Amigos periodistas como Raúl Rivero, Ricardo González, Jorge Olivera y Pablo Pacheco, por decreto estatal, dormían en celdas tapiadas de la policía política. Escuchábamos radio por la onda corta y la denuncia del mundo era espectacular. Castro, en su calculada estrategia, creía que con la guerra de Irak, iba a desviar la atención sobre el asunto. No fue así.
Con el paso de los días, se desató una poderosa ráfaga de ataques contra la oposición en los medios oficiales. Y comenzó el circo. Juicios sin garantías y una serie de topos infiltrados en la disidencia y el periodismo independiente salieron a la luz. Con horror recuerdo que había siete peticiones fiscales de penas de muertes.
Como “pruebas contundentes”, la Fiscalía presentaba máquinas de escribir, radios portátiles, libros, hojas blancas de papel… No se ocupó ni una sola arma de fuego o material explosivo. «Castro ha enloquecido», pensé. Una cosa era cierta: el golpe a la oposición había sido preparado con meticulosidad.
El Proyecto Varela, de Oswaldo Payá Sardiñas tenía a Fidel Castro más arriba de los cojones. Cualquier demócrata de paso por La Habana, le pedía al comandante único que cumpliera con las leyes de su propia Constitución, que autorizaba a realizar reformas de leyes cuando se habían recogido 10.000 firmas.
Y eso era lo que había hecho el movimiento de Payá, recoger más de 10 mil firmas. Incluso, el propio expresidente de Estados Unidos, Jimmy Carter, en un discurso en el aula magna de la Universidad de La Habana y ante el propio Castro, le había exigido cumplir los requerimientos constitucionales.

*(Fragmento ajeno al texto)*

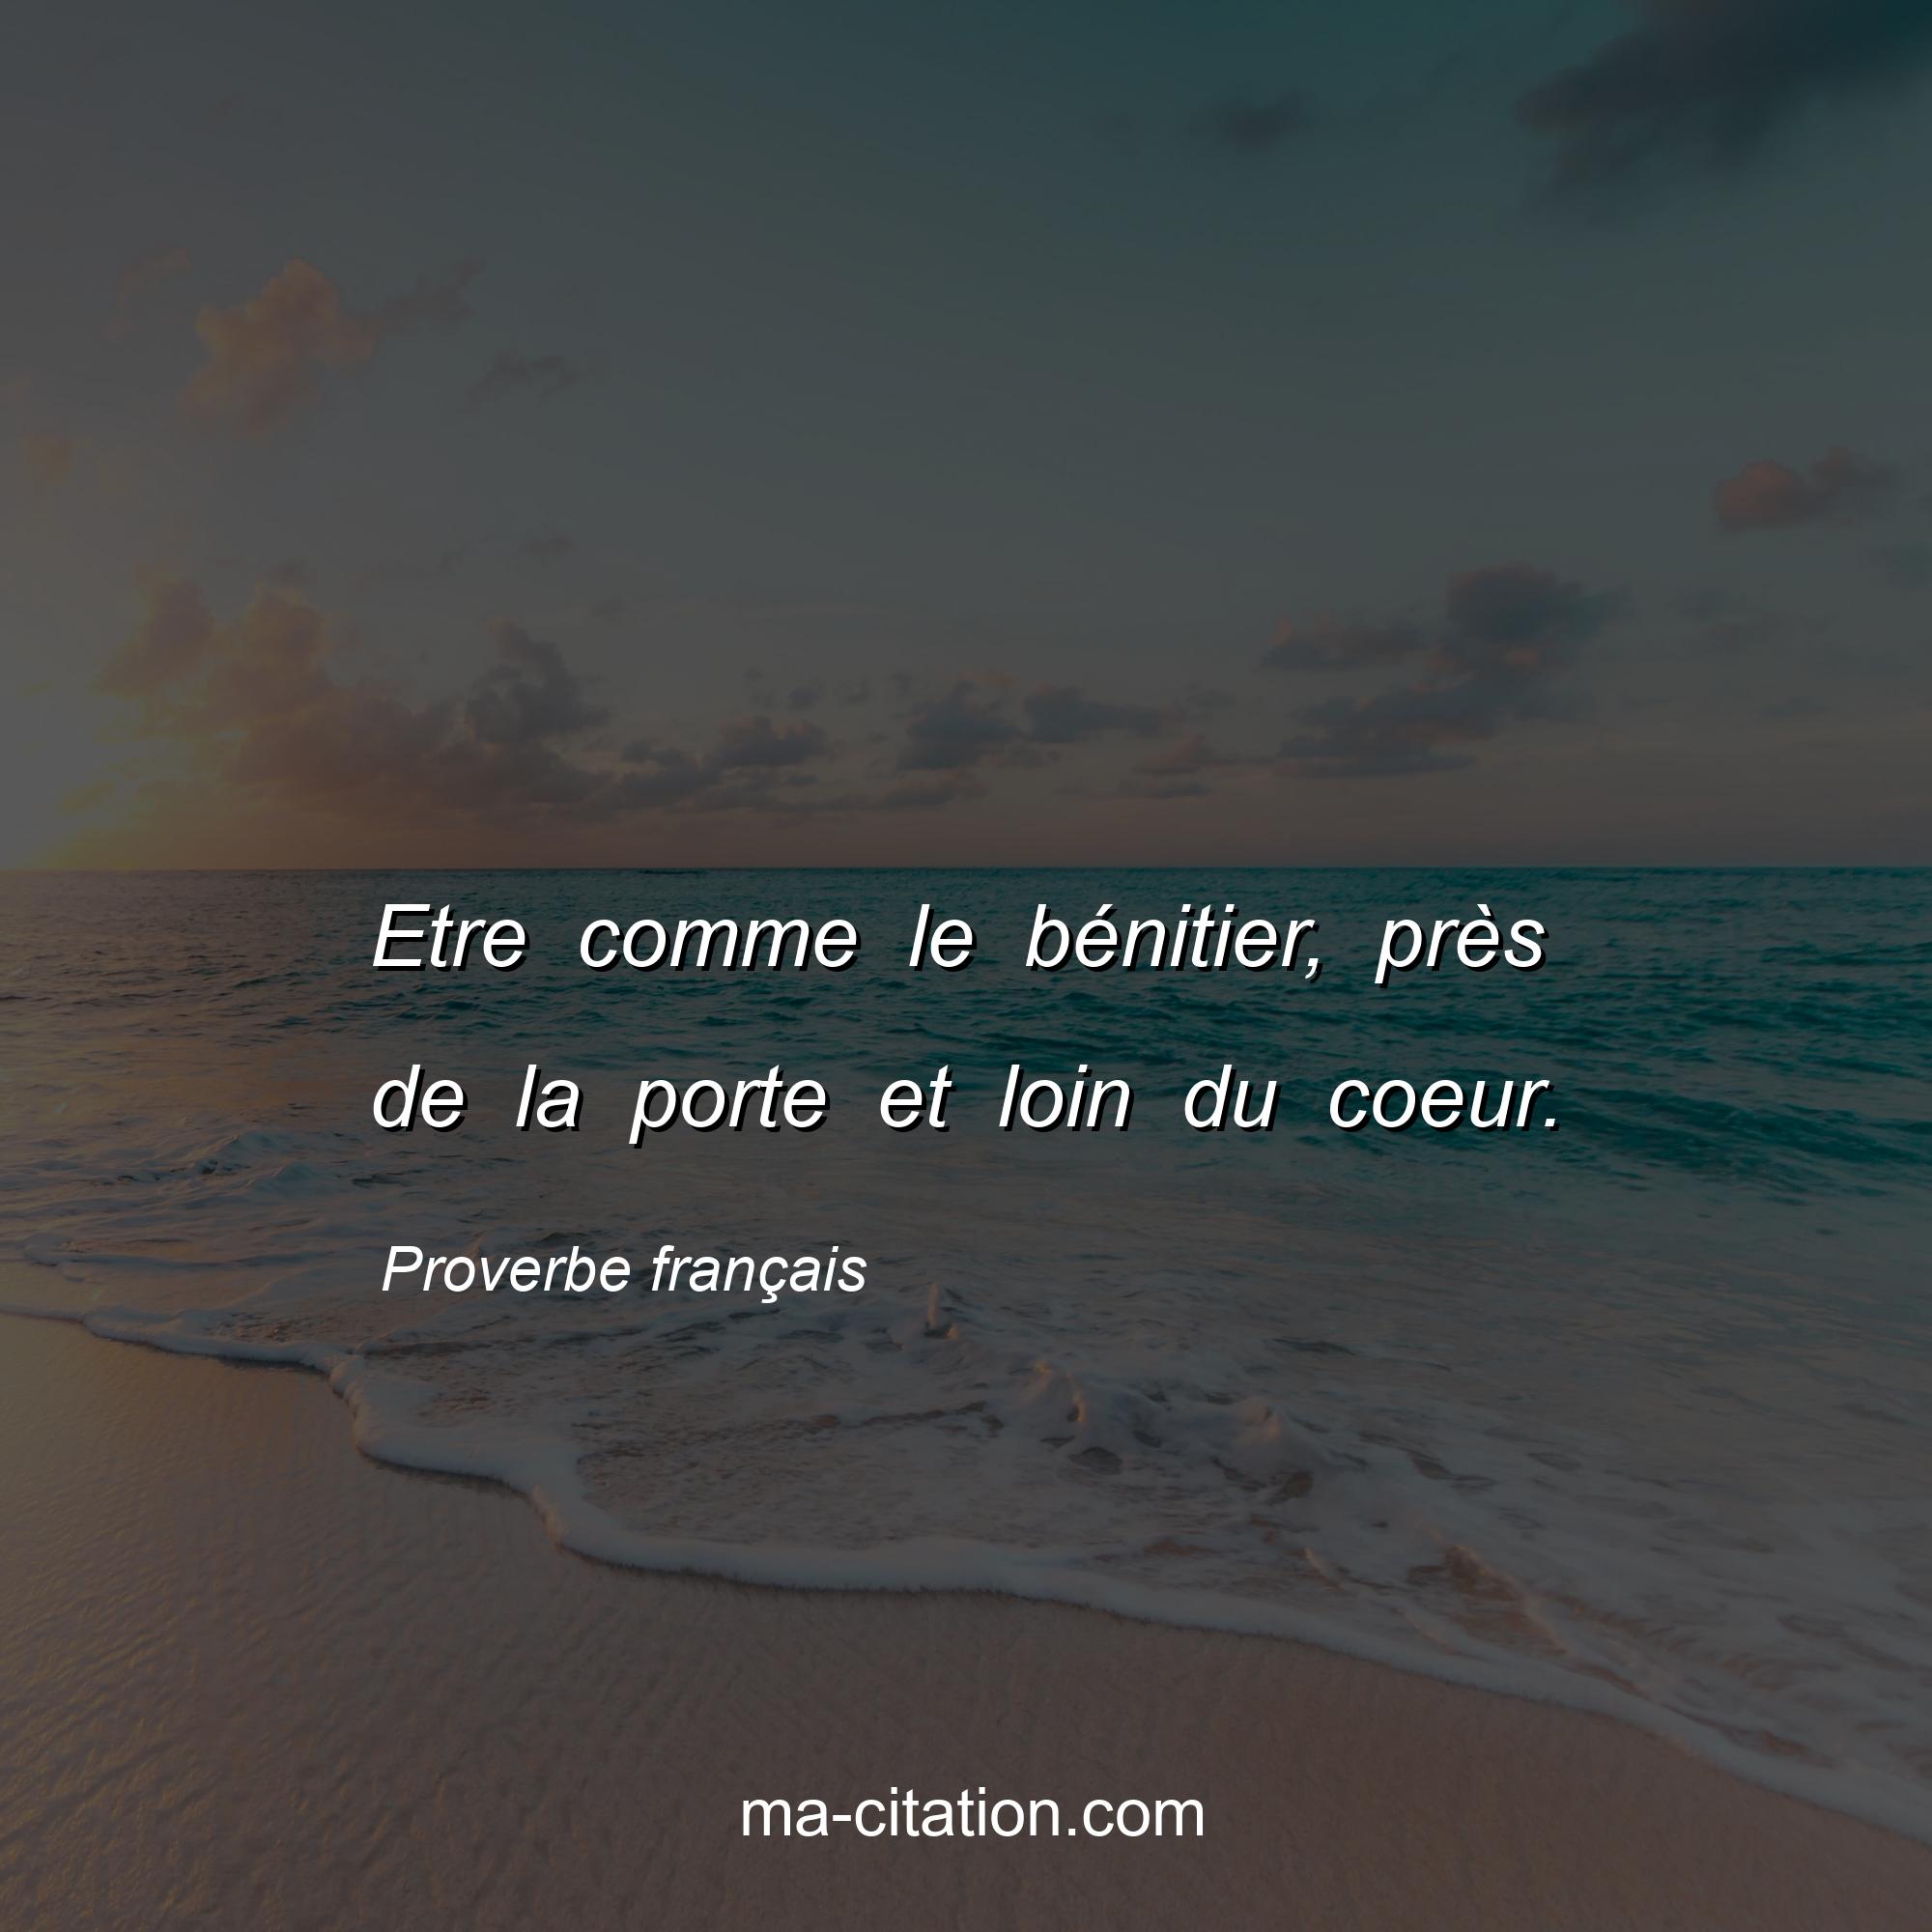 Proverbe français : Etre comme le bénitier, près de la porte et loin du coeur.

Esto acabó por exasperar a Castro, quien desde 1998 tenía encarcelados a 5 espías de una red de 12, desarticulada en Estados Unidos. Y ninguna maniobra jurídica había hecho posible la condonación de la sanción. Y decidió jugar fuerte.
Hizo reformas a la carrera en la Constitución, para perpetuar su sistema político. Y lanzó la tenebrosa Ley 88, conocida como ‘ley mordaza’, que te podía llevar a prisión por más de 20 años, sólo por opinar, escribir o discrepar, bajo la acusación de estar al servicio de una potencia extranjera.
Las condiciones estaban creadas para desatar una batida contra la oposición. La guerra de Irak fue la cortina de humo que Castro decidió usar, para que se evaporara la noticia.
Ningún opositor o periodista estuvo seguro de su situación en los meses posteriores. Mi madre, mi hermana y mi sobrina partieron al exilio. Yo preferí ver crecer a mi hija. Verla dar sus primeros pasos y decir sus primeras palabras en el país donde ella nació y donde nacieron sus padres y sus abuelos. Eso nadie me lo iba a impedir. Incluso a riesgo de ir a prisión.
Ocho años después de aquella fatídica primavera, Fidel Castro, un poco recuperado, continúa escribiendo una letanía de reflexiones sobre acontecimientos en el planeta. Ahora atento a las revueltas en varios países árabes.
Su hermano Raúl, no ha hecho grandes cambios y ha continuado la misma política represiva contra los opositores. Los sigue descalificando y despreciando. De los 75 enjuiciados en 2003, quedaban dos en prisión.
En el aire de la República se mantiene flotando la intimidante Ley 88. Las cárceles en cualquier momento se pueden volver a llenar. Con nacionales o extranjeros, como el estadounidense Alan Gross, condenado a 15 años de privación de libertad.
A estas alturas, los Castro están decididos a perpetuarse en el poder hasta que les llegue la muerte.
Iván García
Foto: tuty240, Panoramio. Calzada de 10 de Octubre y Santa Catalina, en la barriada habanera de La Víbora.